▶ **DATASET**:
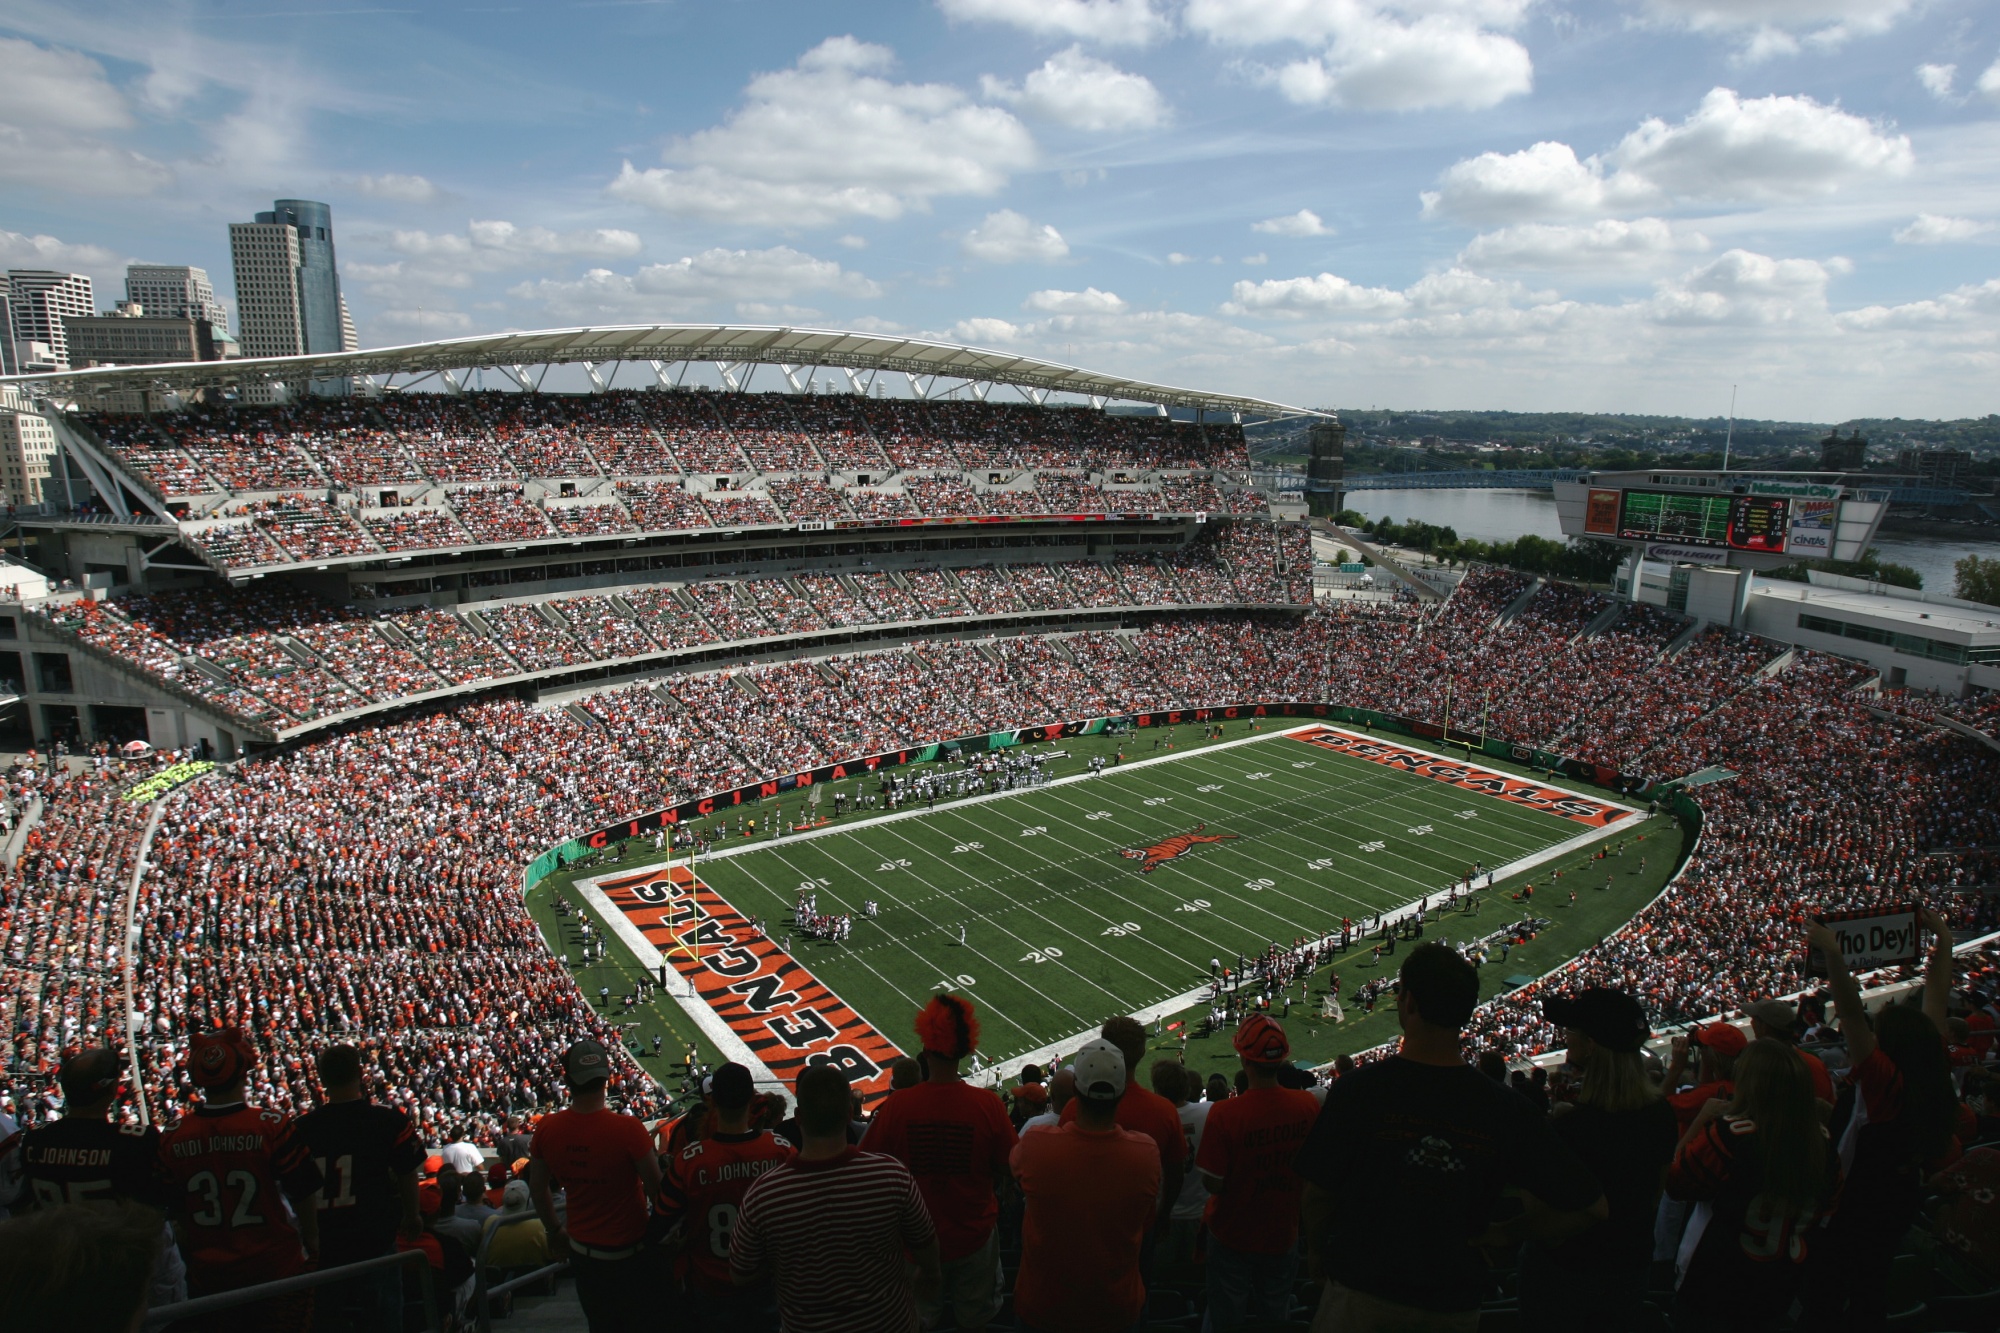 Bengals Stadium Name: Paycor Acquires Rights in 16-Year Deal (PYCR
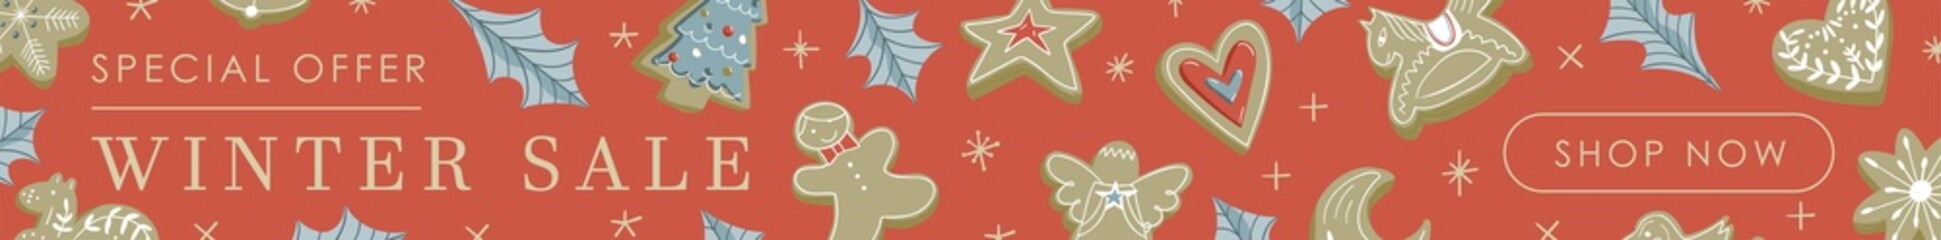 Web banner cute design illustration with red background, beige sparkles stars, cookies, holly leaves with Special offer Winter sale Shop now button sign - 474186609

==

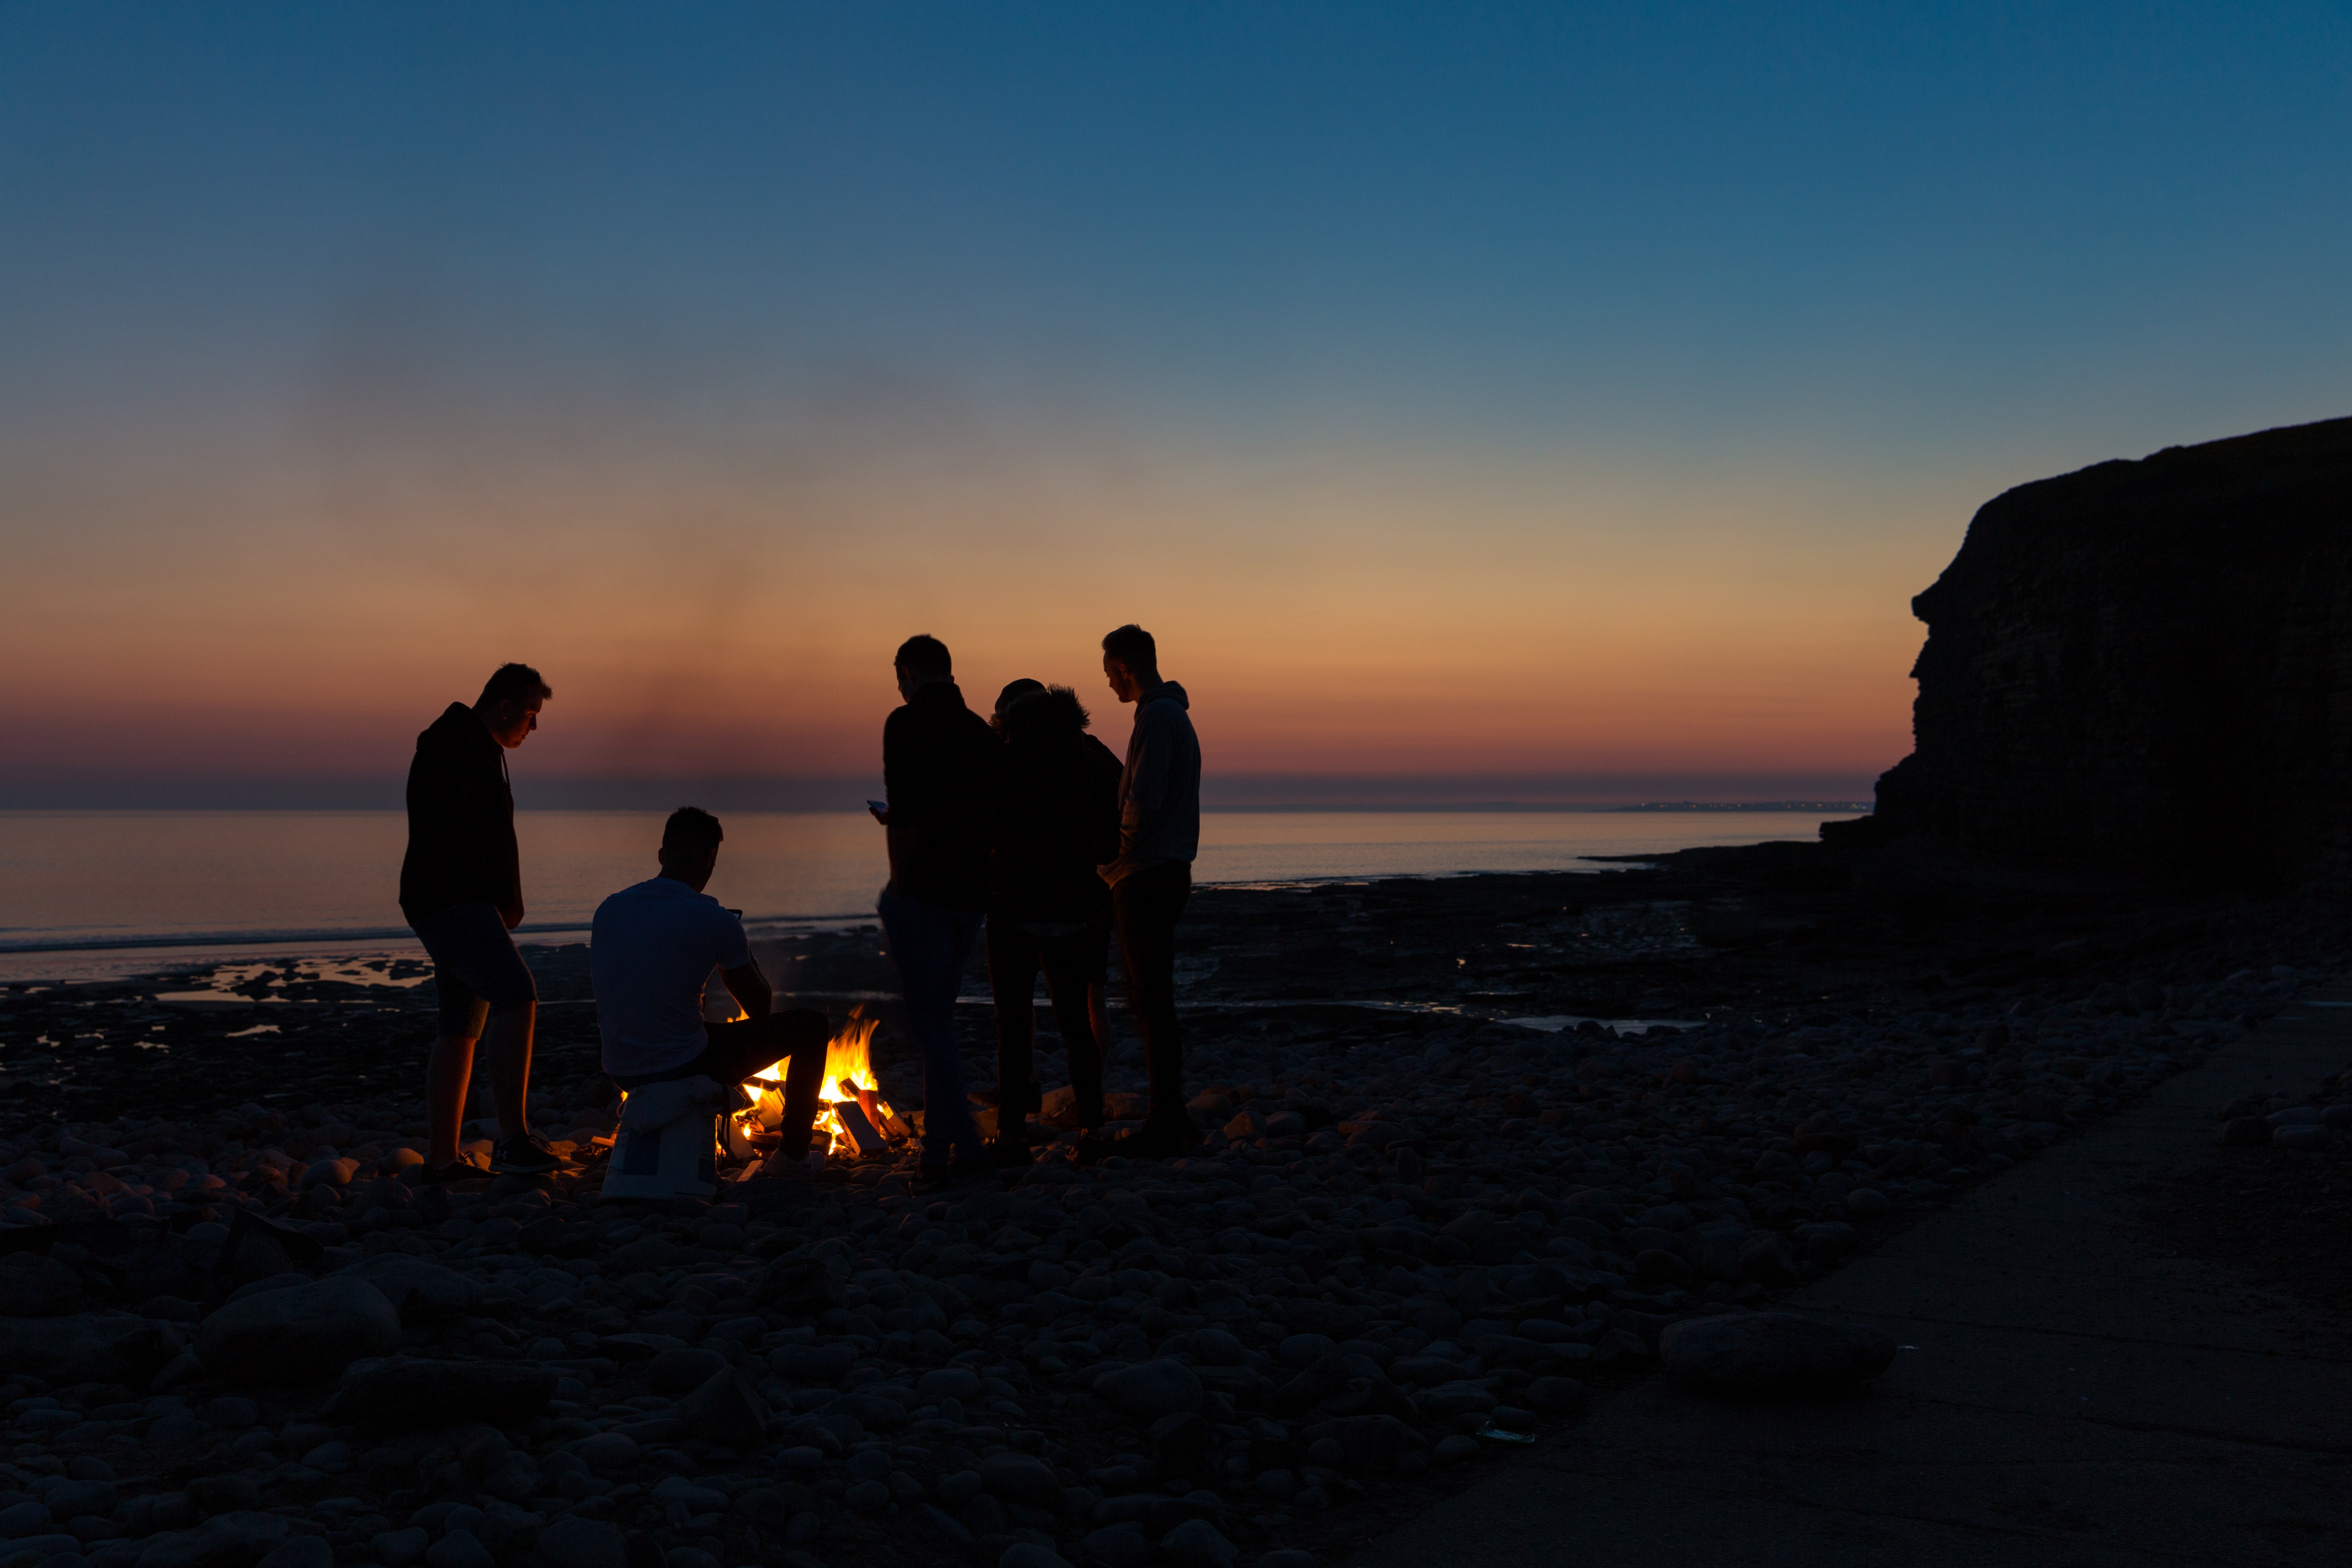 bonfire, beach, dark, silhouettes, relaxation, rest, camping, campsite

▶ **EXERCISE**: Print exactly the lines above that run from the one with "Bengals Stadium Name: Paycor" to the one with "Web banner cute", both included. No pictures.

▶ **SOLUTION**:
 Bengals Stadium Name: Paycor Acquires Rights in 16-Year Deal (PYCR
 Web banner cute design illustration with red background, beige sparkles stars, cookies, holly leaves with Special offer Winter sale Shop now button sign - 474186609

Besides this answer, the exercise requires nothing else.